Tatsächlich sollte Mozart mit diesem kurzfristig in die Arbeit an der «Zauberflöte» eingeschobenen Auftragswerk die Krönung Leopolds II. zum König von Böhmen feiern. Das zuvor auch schon von Gluck und anderen vertonte Libretto Pietro Metastasios thematisiert bereits im Titel die Milde und Weisheit des Herrschers. Sie erhoffte man sich – die Anspielung war 1791 jedem verständlich – auch vom frisch gekrönten Leopold.

Obwohl es in Titos Umfeld zu Intrigen, Verschwörungen, Mordplänen und Umsturzversuchen kommt, samt einem Sturm auf das römische Kapitol, bleibt dieser Kaiser geradezu irritierend entspannt. Die Verschwörer werden am Ende sogar grossherzig begnadigt, allen voran Sesto. Der kanadische Regisseur Robert Carsen, der im Sommer auch den neuen Salzburger «Jedermann» inszenieren soll, misstraut ebendieser friedlichen Eintracht jedoch gründlich. Für ihn schliessen sich Macht und Milde vollständig aus.

Ungenaue Assoziationen

Um dies darzulegen, bedient sich Carsen bekannter Bilder aus der jüngeren Geschichte. Aus dem Sturm auf das römische Kapitol wird der Sturm auf das Capitol in Washington im Januar 2021. Carsen lässt dabei grosszügig beiseite, dass der Sturm auf den Sitz des amerikanischen Parlaments damals offensichtlich direkt aus der Machtzentrale heraus geschürt wurde, nämlich vom noch amtierenden US-Präsidenten Trump.
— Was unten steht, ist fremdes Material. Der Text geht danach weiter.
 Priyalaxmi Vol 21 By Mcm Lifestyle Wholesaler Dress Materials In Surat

Das Innere des Capitols hat der Bühnenbildner Gideon Davey wiederum als italienische Machtzentrale ausgestattet, samt Landes- und EU-Flaggen.

Dieses im Hier und Jetzt verankerte Bühnenbild erinnert an die Hamburger «Nabucco»-Inszenierung von Kirill Serebrennikow aus dem Jahr 2019. Sie spielte im Sitzungssaal des Uno-Sicherheitsrats in New York und richtete das Augenmerk auf den Bürgerkrieg in Syrien und die Fluchtbewegungen aus dem Kriegsgebiet. Doch während Serebrennikow dieses Bild zu einer politisch starken Botschaft formte, wirkt in Salzburg auch dieses Bühnenbild nicht zu Ende gedacht.
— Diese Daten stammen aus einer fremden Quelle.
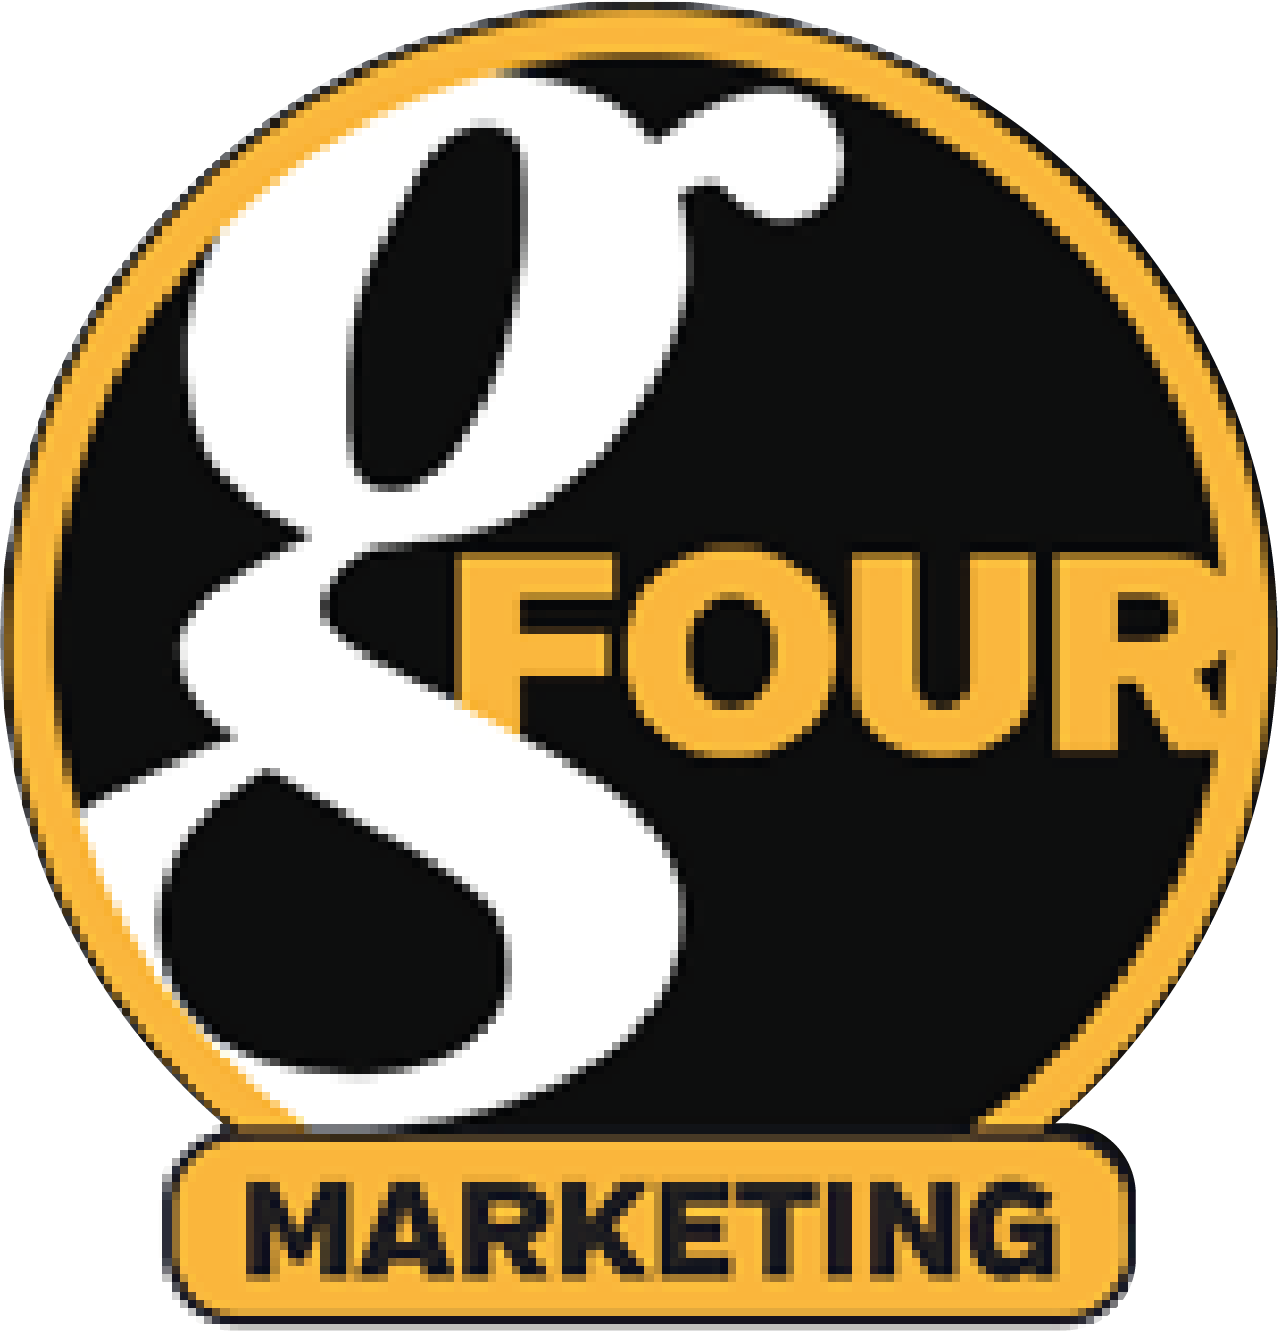 gfour marketing

Das grosse Problem der Politik im modernen Italien sind nicht so sehr von aussen einwirkende, undemokratische Kräfte, sondern das fragwürdige Demokratieverständnis mancher Machthaber selber, spätestens seit dem Beginn der ersten Amtszeit von Silvio Berlusconi als Ministerpräsident. Mit solchen und ähnlichen Zusammenhängen hält sich die Inszenierung nicht lange auf. Dafür legt Carsens Regie kurz vor dem Ende der Oper eine atemberaubende Kehrtwende hin.

Während der von Jacopo Facchini exzellent einstudierte Chor Il Canto di Orfeo die grossherzige Milde Titos besingt, wird dieser niedergemetzelt. Auch die begnadigten Aufständischen bedroht man mit Schusswaffen, allen voran Bartolis Sesto und den von Anna Tetruashvili eindrücklich dargestellten Annio. Vitellia (Alexandra Marcellier), die Tochter des entthronten Vorgängers von Tito, greift hier unverblümt nach der Macht. Die lässt sich auf die Dauer eben doch nicht mit Milde ausüben – so die recht plakativ vereinfachte Lesart von Carsen.
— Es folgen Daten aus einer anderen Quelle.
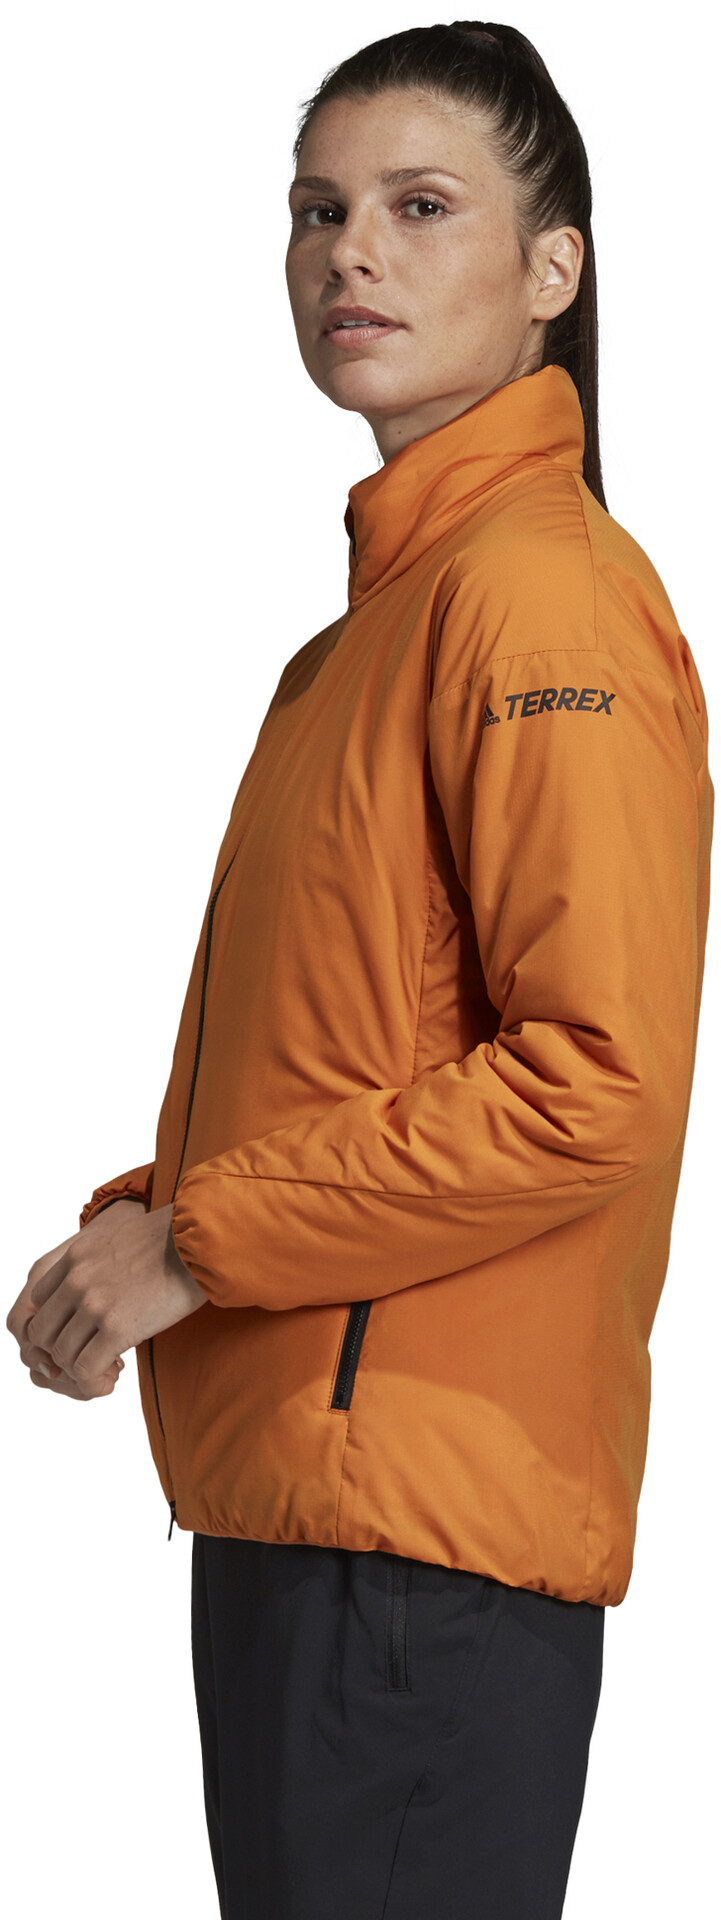 adidas terrex copper inmotion jacket

Umso differenzierter musiziert das 2016 gegründete Originalklang-Ensemble Les Musiciens du Prince aus Monte-Carlo, wo Bartoli seit 2023 als Operndirektorin wirkt. Unter der umsichtigen Leitung von Gianluca Capuano halten selbst die oft zähen, nicht von Mozart stammenden Rezitative die dramatische Spannung.

Auch beim Gastspiel von Daniil Trifonov mit der Deutschen Kammerphilharmonie Bremen wird das Orchester anderntags ein wenig zum Retter in der Not. Seit zwanzig Jahren agiert Zürichs Tonhalle-Chef Paavo Järvi dort bereits als künstlerischer Leiter – eine überaus ertragreiche und anscheinend immer noch frische Liaison. Selbst die bestens bekannte «Jupiter»- und die «Pariser Sinfonie» von Mozart wirken hier wie erst im Augenblick geboren. Da werden die Tempi geschärft, ohne dass die Musik überhitzt wirkt, unerhört leichtfüssig auch die Artikulation, fast genussvoll spielerisch der differenzierte Einsatz von Vibrato.

Für Trifonov wäre dies in Mozarts C-Dur-Konzert KV 503 eine perfekte Spielweise gewesen, um seine eigene Mozart-Sicht neu zu befragen. Doch seine Ausgestaltung bleibt recht vorhersehbar, im Mittelsatz bedient er mit einer gedehnten Romantisierung sogar ein Mozart-Bild, das längst überwunden wurde, nicht zuletzt von Järvi und der Kammerphilharmonie im selben Konzert. Hier vermisste man just die Offenheit und Flexibilität in interpretatorischen Fragen, für die Cecilia Bartolis Pfingstfestspiele zu Recht gefeiert werden.